1. Reliance on subjective judgement: People see things differently:  one person’s risk may even be another person’s opportunity. For example, using a new technology in a project can be seen as a risk (when focusing on the increased chance of failure) or opportunity (when focusing on the opportunities afforded by being an early adopter). This is a somewhat extreme example, but the fact remains that individual perceptions influence the way risks are evaluated.  Another problem with subjective judgement is that it is subject to cognitive biases – errors in perception. Many high profile project failures can be attributed to such biases:  see my post on cognitive bias and project failure for more on this. Given these points, potential risks should be discussed from different perspectives with the aim of reaching a common understanding of what they are and how they should be dealt with.
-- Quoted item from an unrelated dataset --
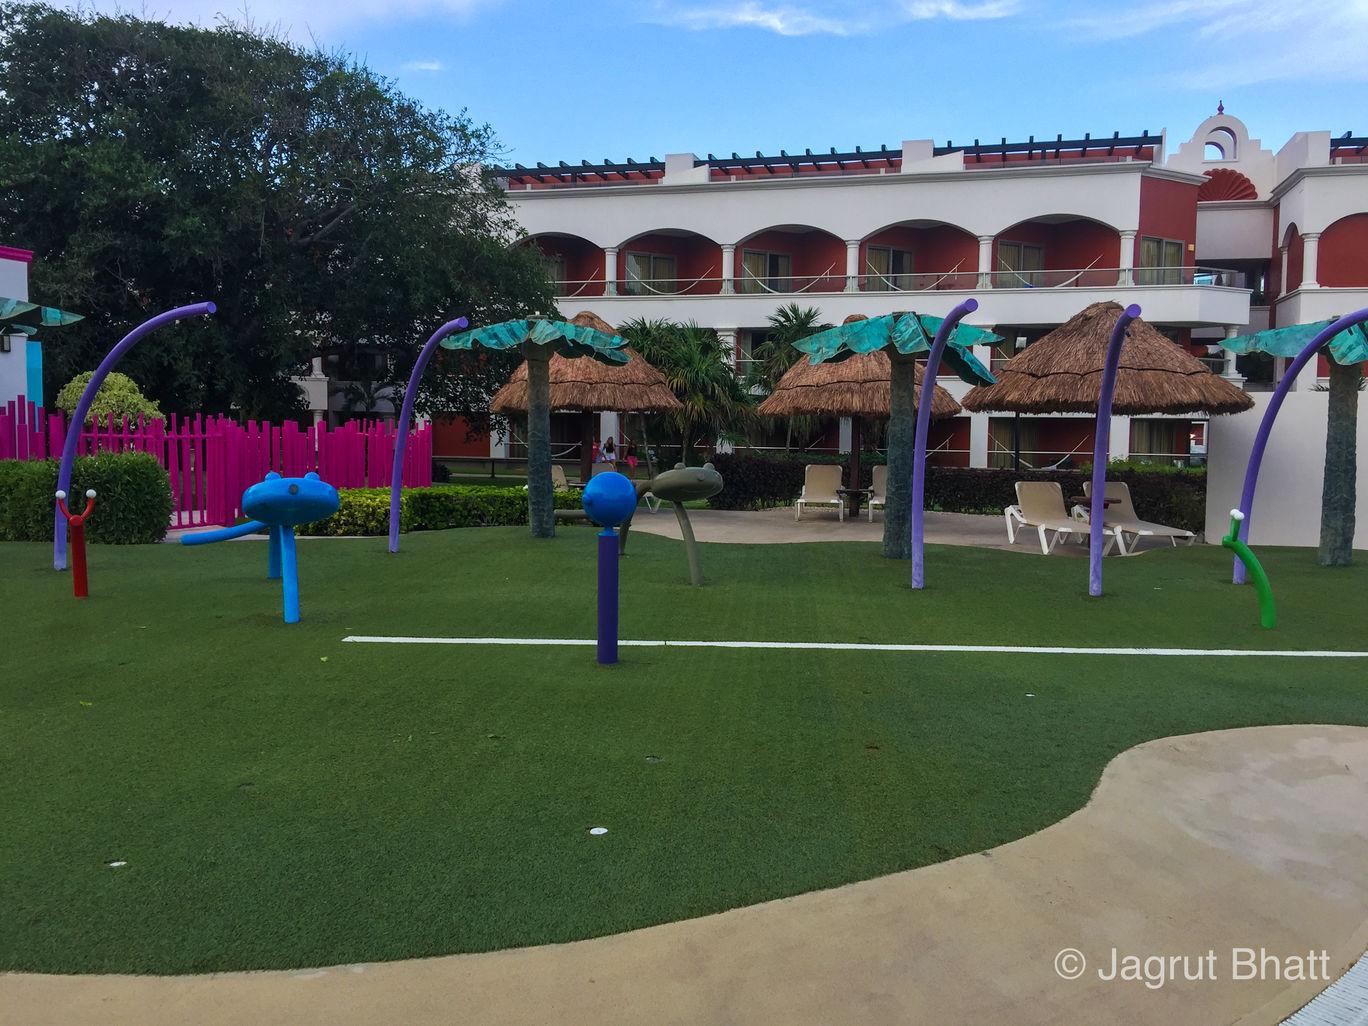 Photo of Hard Rock Hotel Riviera Maya By jagrut bhatt

2. Using inappropriate historical data: Purveyors of risk analysis tools and methodologies exhort project managers to determine probabilities using relevant historical data. The word relevant is important: it emphasises that the data used to calculate probabilities (or distributions) should be from situations that are similar to the one at hand.  Consider, for example, the probability of a particular risk – say,  that a particular developer will not be able to deliver a module by a specified date.  One might have historical data for the developer, but the question remains as to which data points should be used. Clearly, only those data points that are from projects that are similar to the one at hand should be used.  But how is similarity defined? Although this is not an easy question to answer, it is critical as far as the relevance of the estimate is concerned. See my post on the reference class problem for more on this point.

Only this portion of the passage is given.